*** Supplied information ***
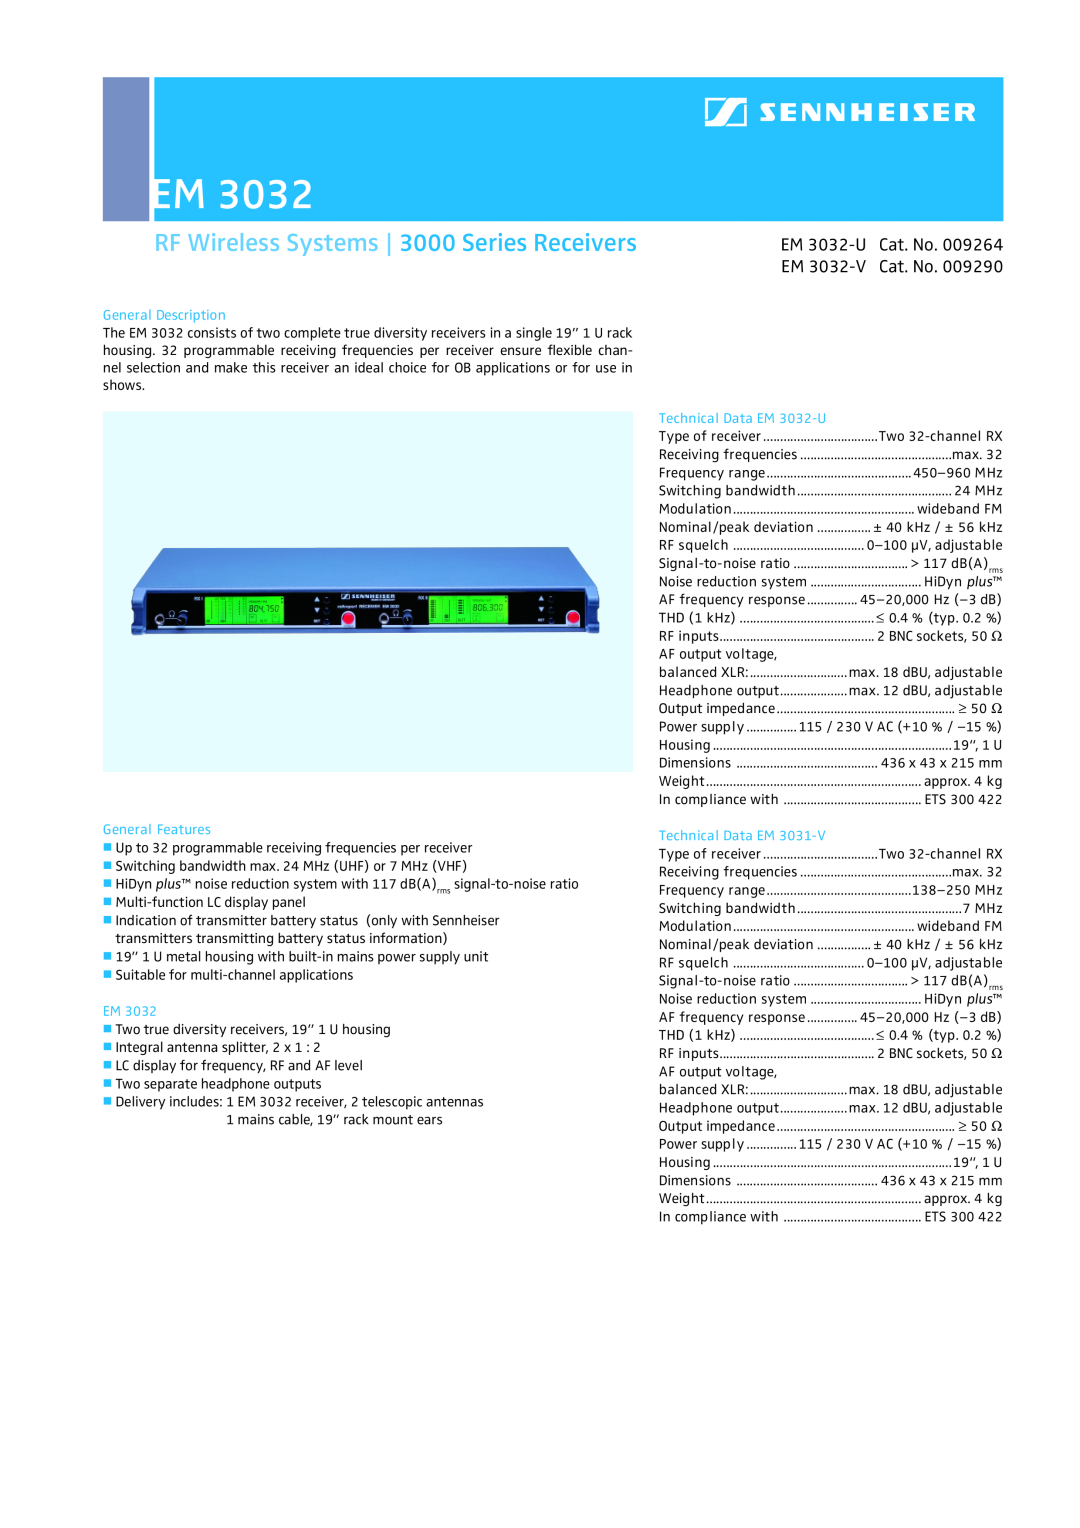 Sennheiser EM 3032-V dimensions General Description, General Features, Technical Data EM 3032-U 
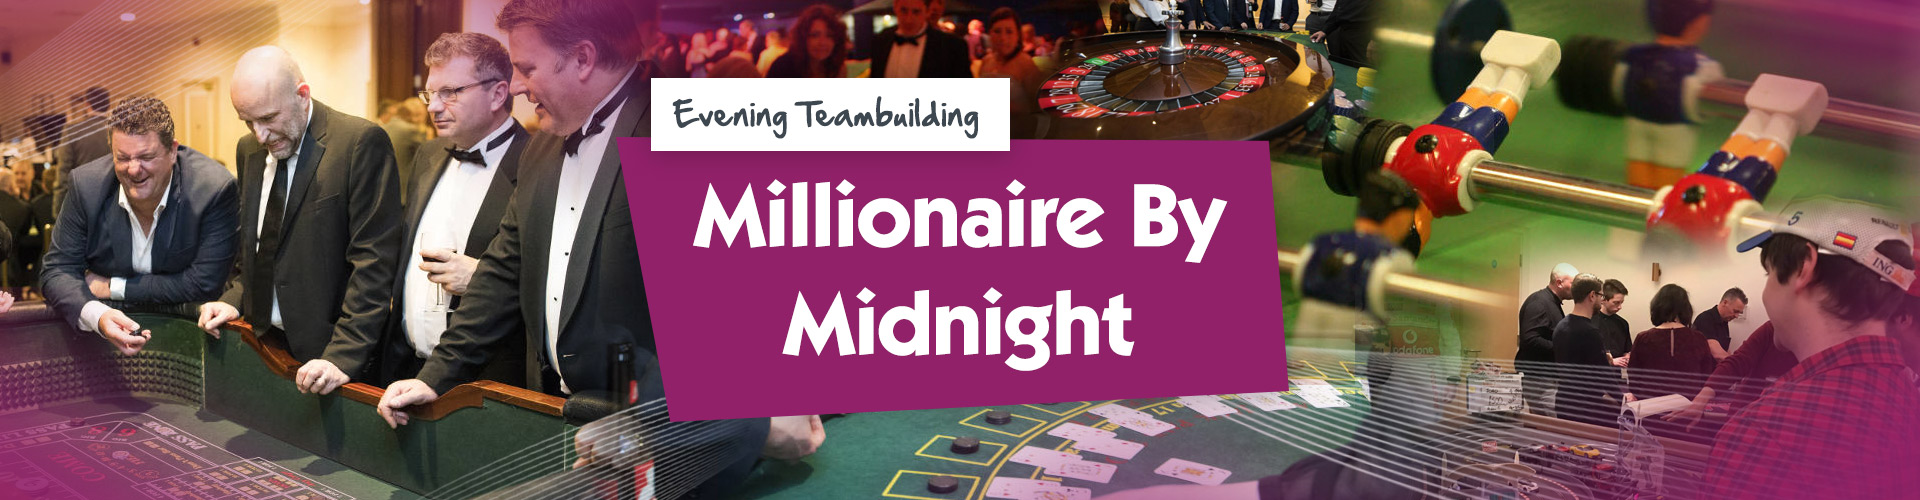 Teambuilding | Millionaire By Midnight
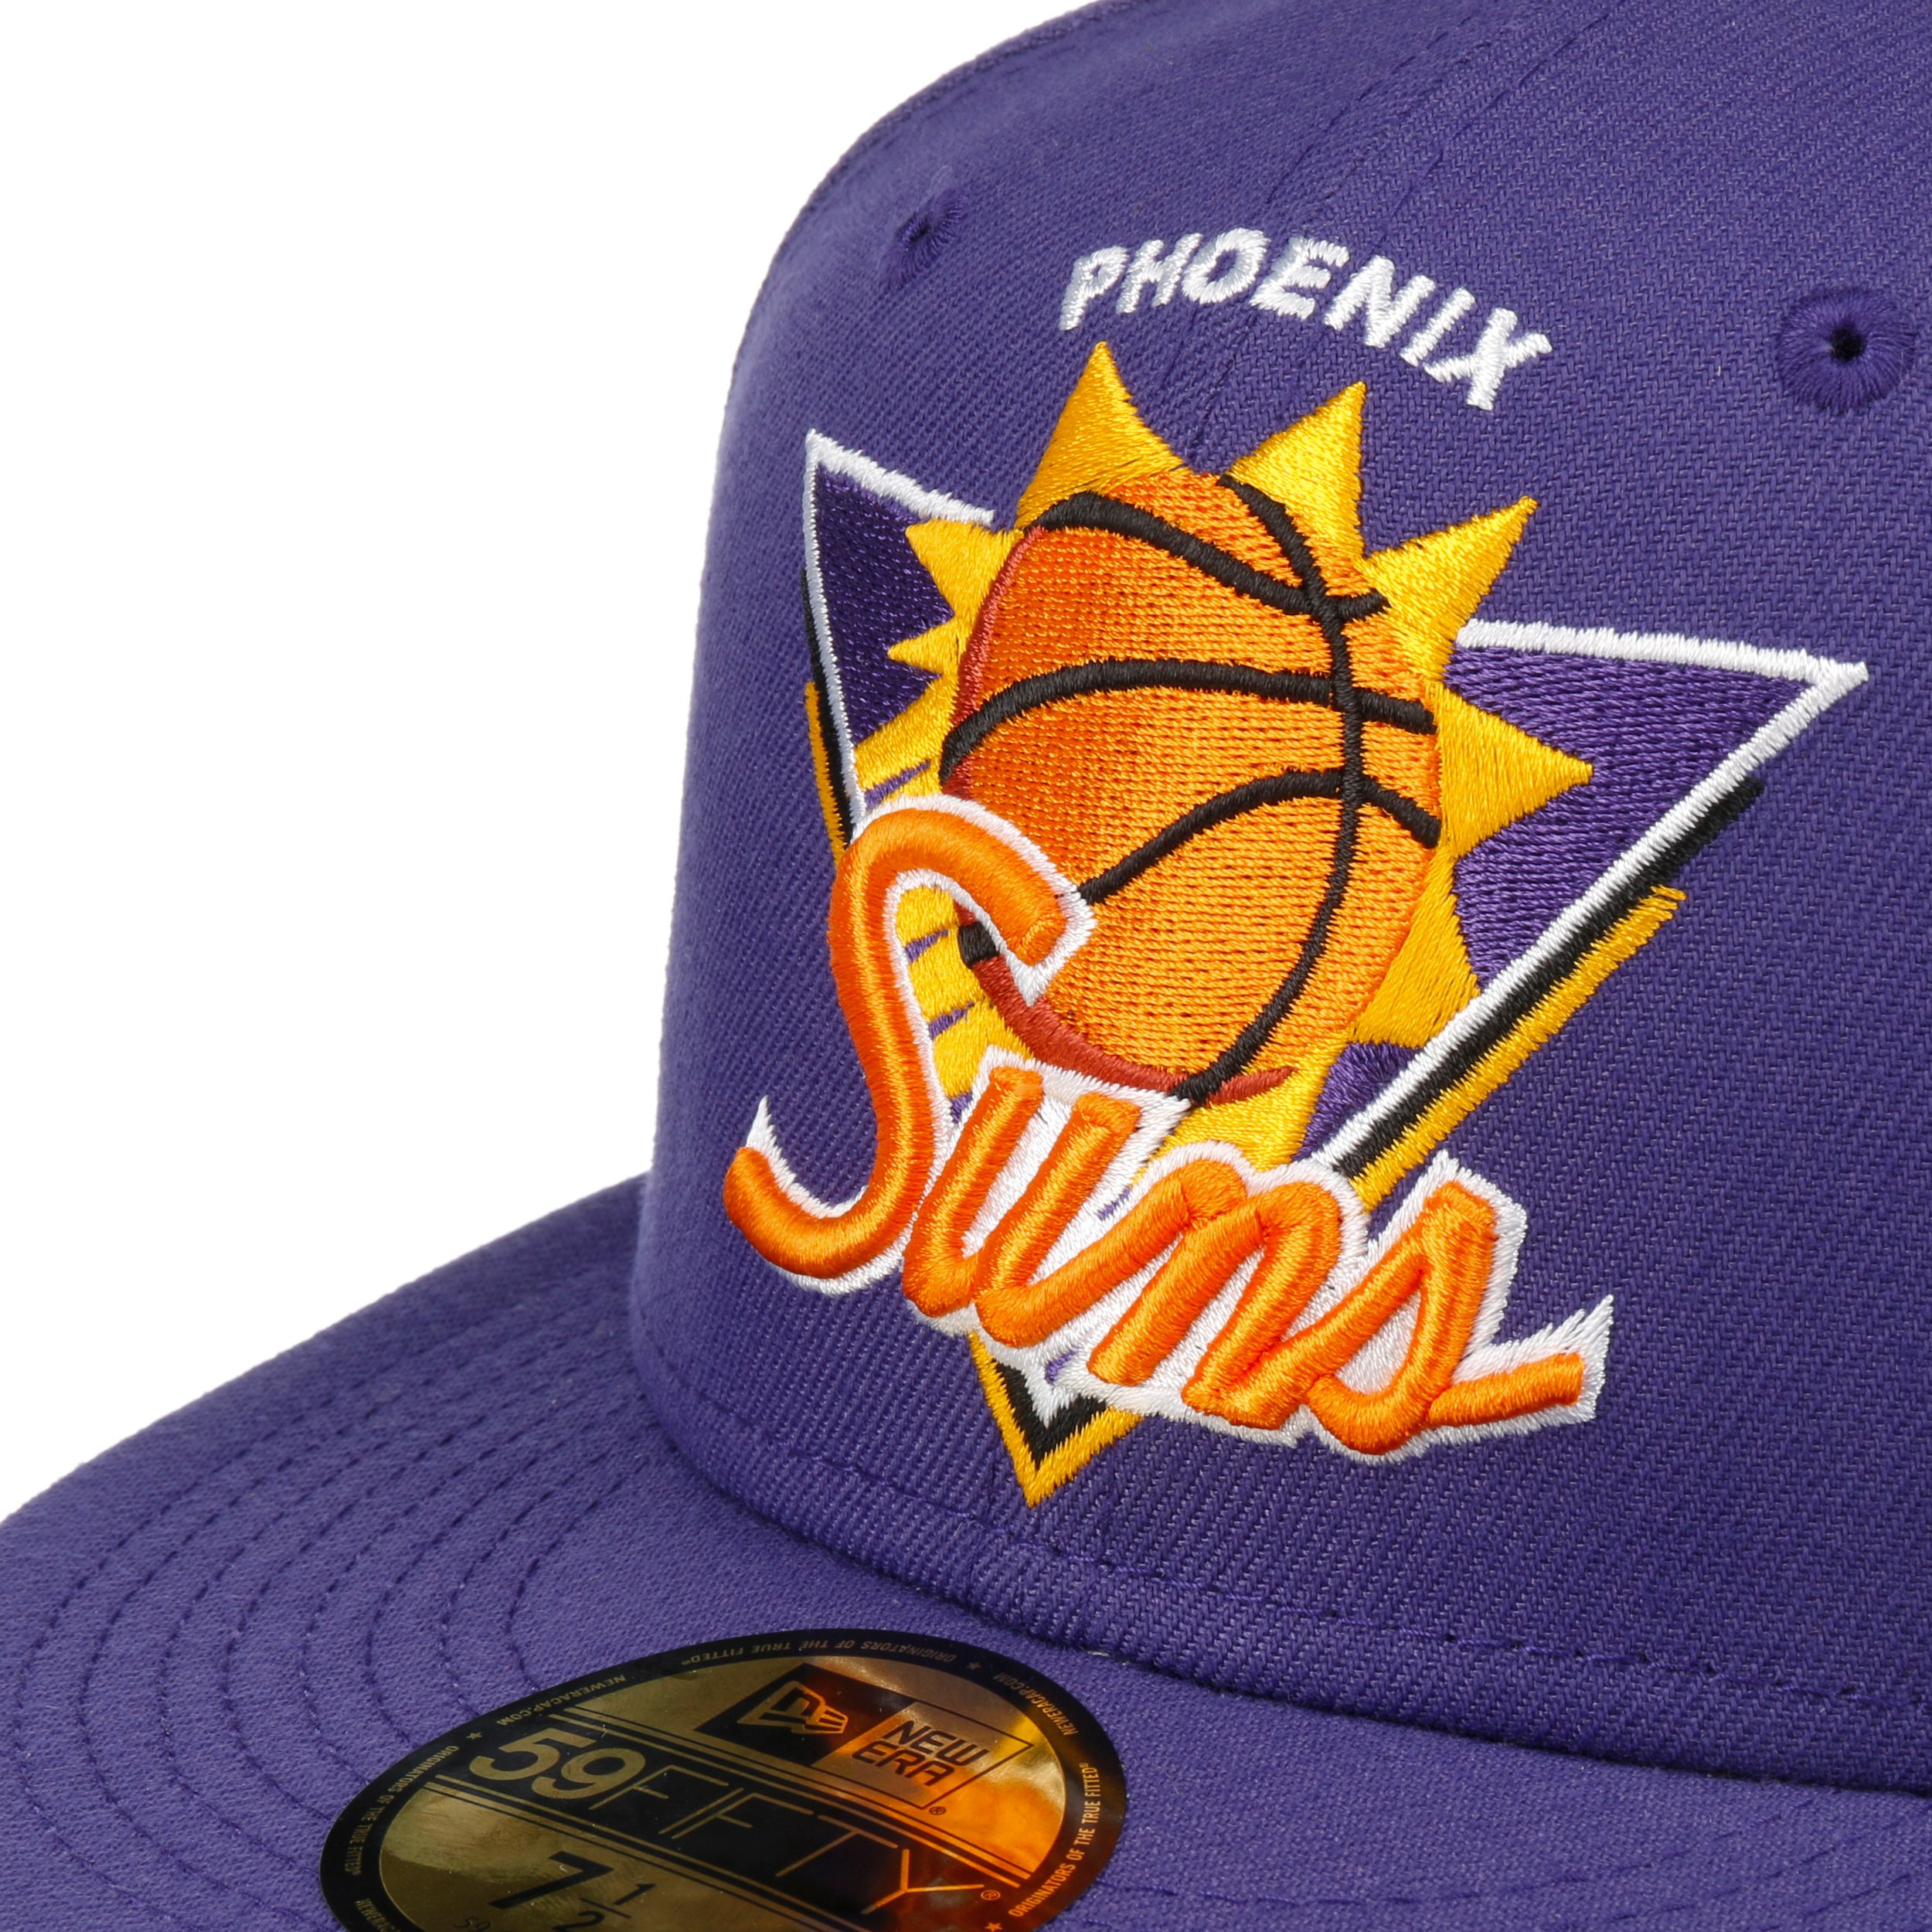 Phoenix Suns Hats, Suns Snapbacks, Fitted Hats, Beanies
*** End of Supplied information ***
**What is needed:** When you retype the material above, keep every word exact and drop the images.

**Response area:**
 Sennheiser EM 3032-V dimensions General Description, General Features, Technical Data EM 3032-U 
 Teambuilding | Millionaire By Midnight
 Phoenix Suns Hats, Suns Snapbacks, Fitted Hats, Beanies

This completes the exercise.